_SUPPLIED INFORMATION_.
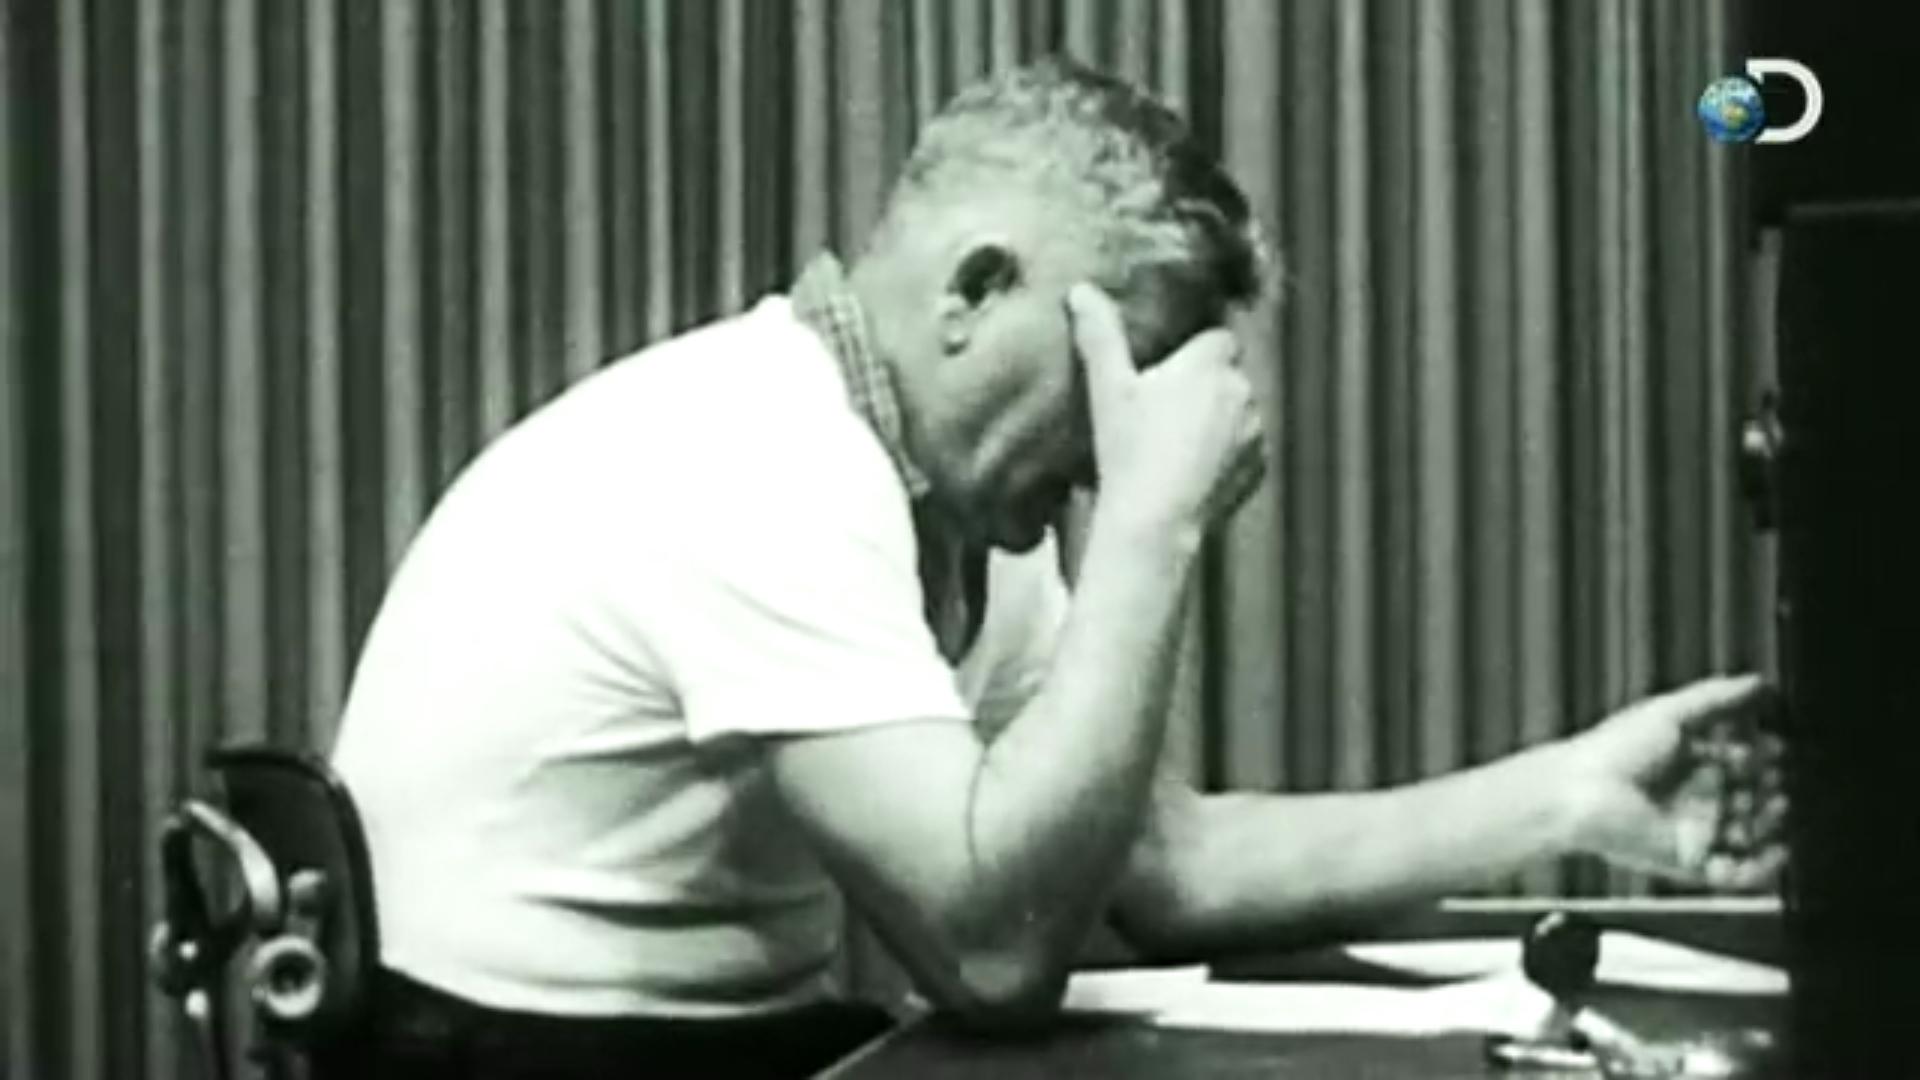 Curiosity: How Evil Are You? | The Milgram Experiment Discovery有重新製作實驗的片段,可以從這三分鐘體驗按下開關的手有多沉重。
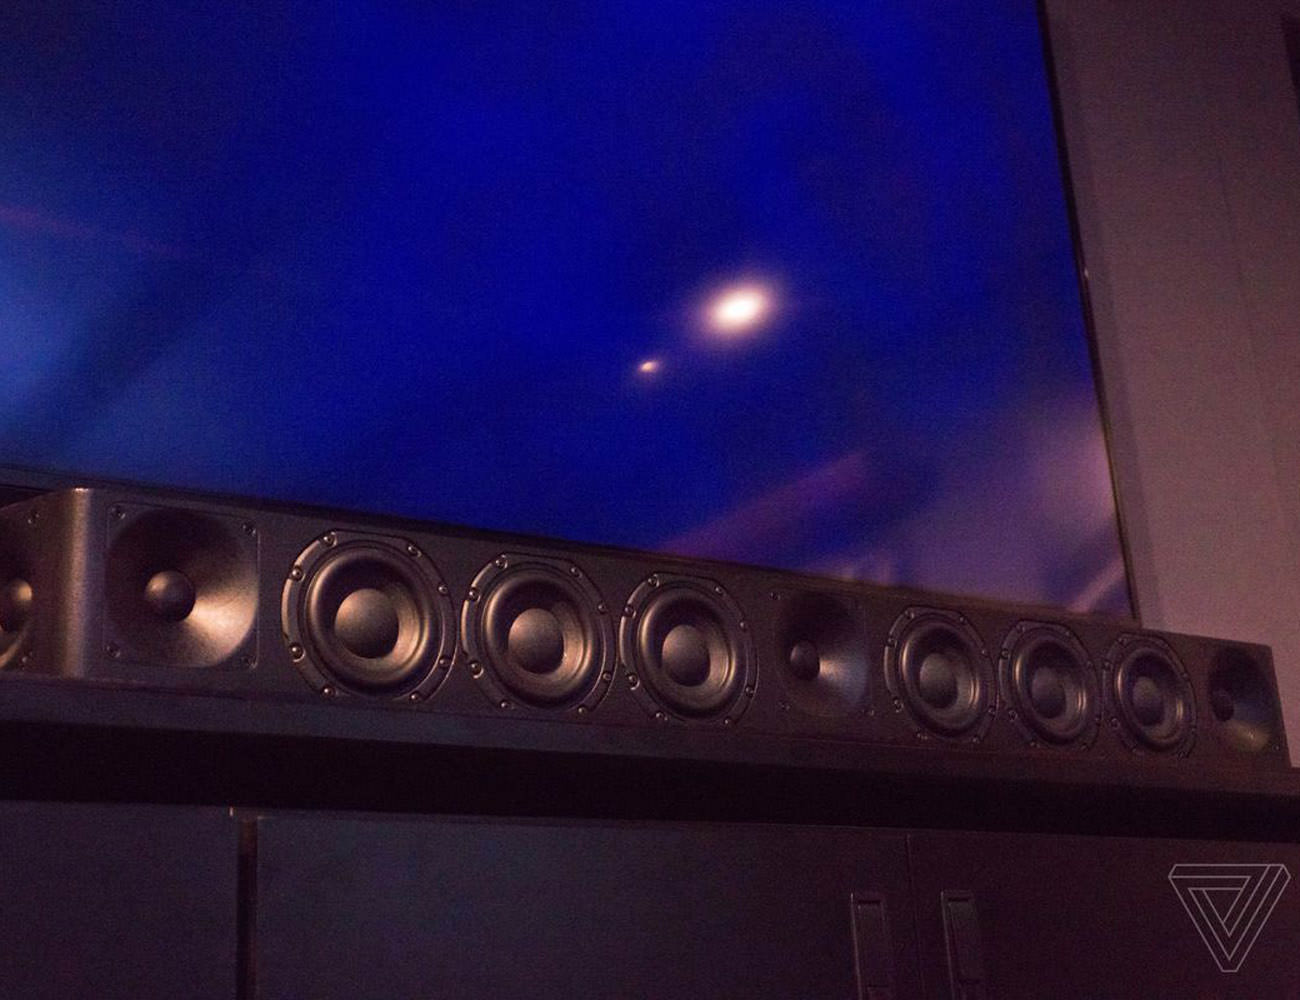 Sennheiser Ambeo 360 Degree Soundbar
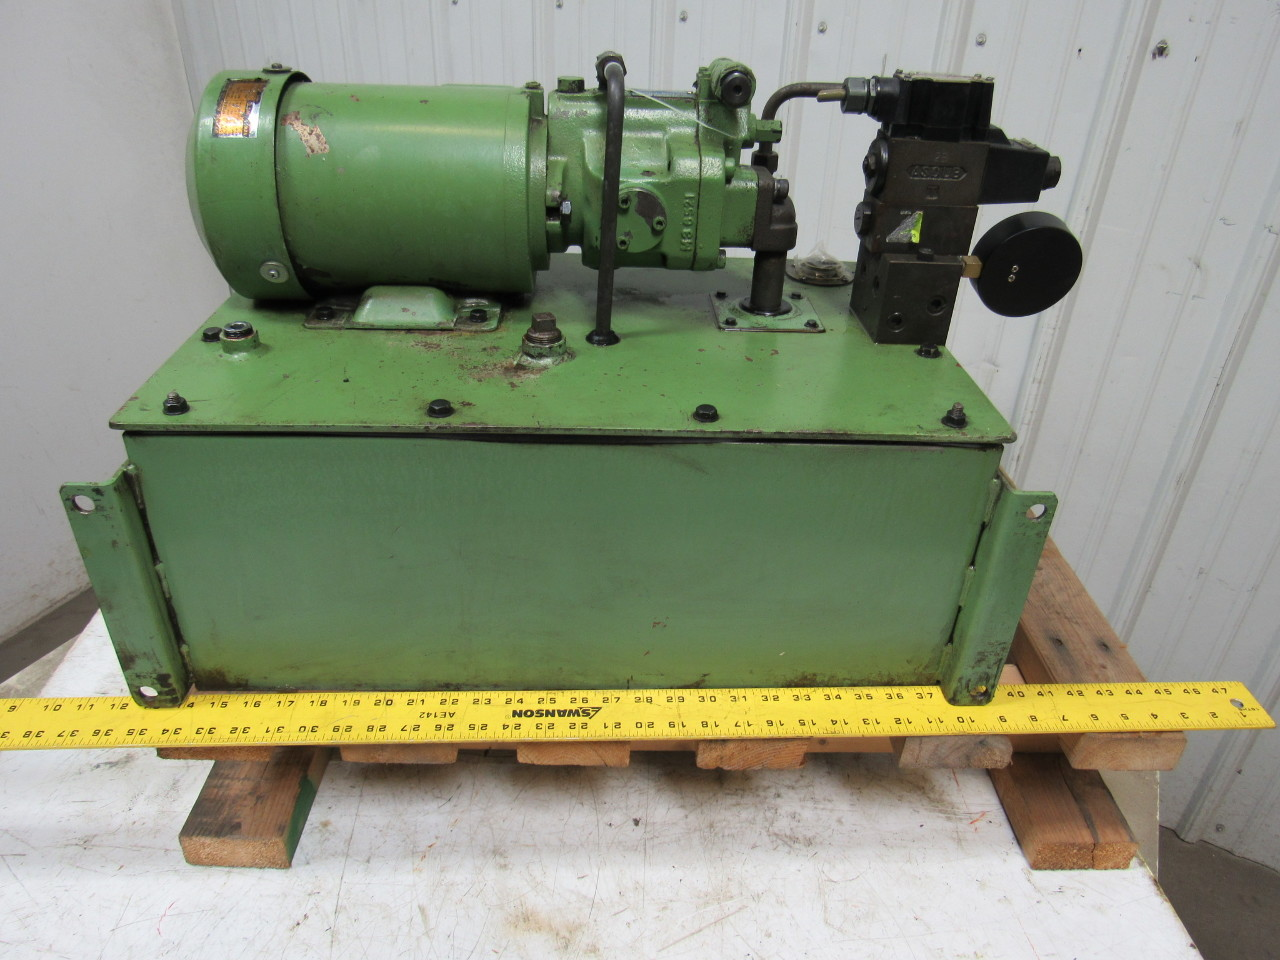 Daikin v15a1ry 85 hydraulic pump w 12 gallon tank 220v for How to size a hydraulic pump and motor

_WHAT IS BEING ASKED_.
What the reply must contain is an exact transcription of the data above and none of its pictures.

_ANSWER FOR THE TASK_.
 Curiosity: How Evil Are You? | The Milgram Experiment Discovery有重新製作實驗的片段,可以從這三分鐘體驗按下開關的手有多沉重。
 Sennheiser Ambeo 360 Degree Soundbar
 Daikin v15a1ry 85 hydraulic pump w 12 gallon tank 220v for How to size a hydraulic pump and motor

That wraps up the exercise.